The Carnegie Medal site and the RUSA site also have easy backlist access to past winners with annotations, so you can build displays and make suggestions with ease. 

Second, is the less prestigious, but in my opinion much more useful and fun, RUSA CODES Reading List awards. From the site:

Established in 2007 by the CODES section of RUSA, The Reading List seeks to highlight outstanding genre fiction that merit special attention by general adult readers and the librarians who work with them.

The Council, which consists of twelve librarians who are experts in readers’ advisory and collection development, selects one book from each of eight different categories. The eight genres currently included in the council’s considerations are adrenaline titles (suspense, thrillers, and action adventure), fantasy, historical fiction, horror, mystery, romance, science fiction, and relationship fiction. However, the Council is constructed in such a way to be adaptable to new genres and changes in contemporary reading interest.

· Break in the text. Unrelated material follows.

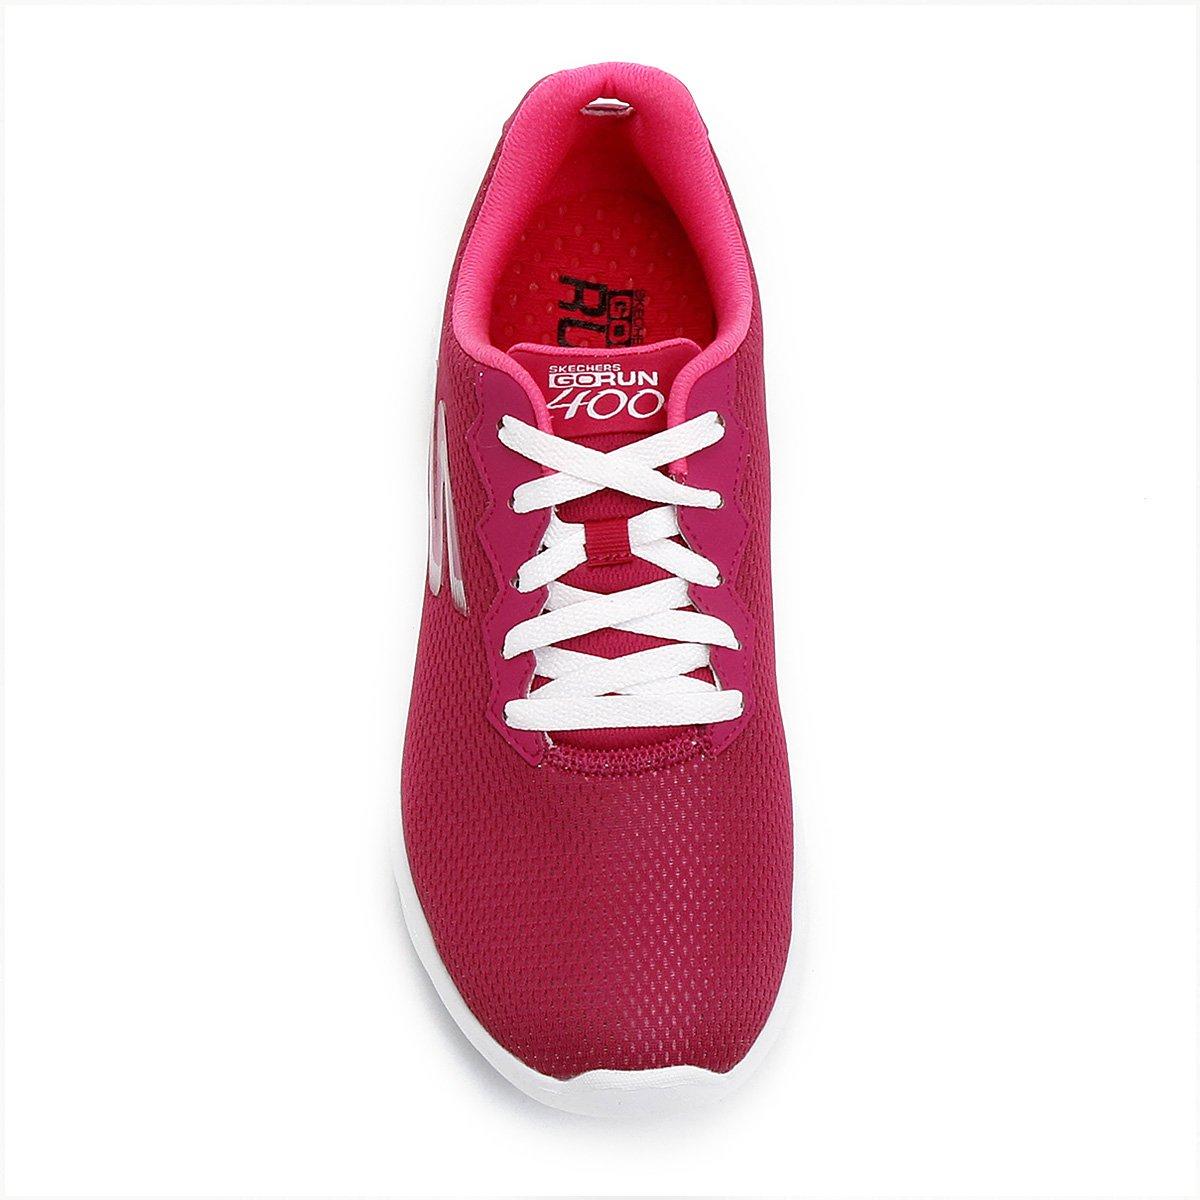 eee7b02417 Tênis Skechers Go Run 400 Feminino - Rosa Escuro - Compre Agora ...

This year's winners are not up on the awards page website yet, but the announcement can be found here. As it says above there are 8 categories-- all genre based! Each category has a winner. That titles gets an annotation [which you can use to book talk the title to a patron] and 3 readalikes. There is also a short list of other titles as well. 

This means that for each of the 8 categories you have 8 titles that you can trust for each genre. That is 64 genre titles at your fingertips just this year alone! And then, take into account that the Award homepage goes back to 2014, and, well, try not to explode with genre resource happiness.

Also, it is VERY important to note that these are genre titles picked NOT by genre specialists, rather by general adult services librarians. That's what I love about this list. It reflects what is most appealing to a wide audience, not just hard core fans of each genre.

Click through to look at the current genre award winners. And then go to the main Reading List web page for backlist access back to 2014. Just a quick perusal of these lists will give you a sense of where each genre is from a public library standpoint. I will be posting the specific, Horror information on the other blog.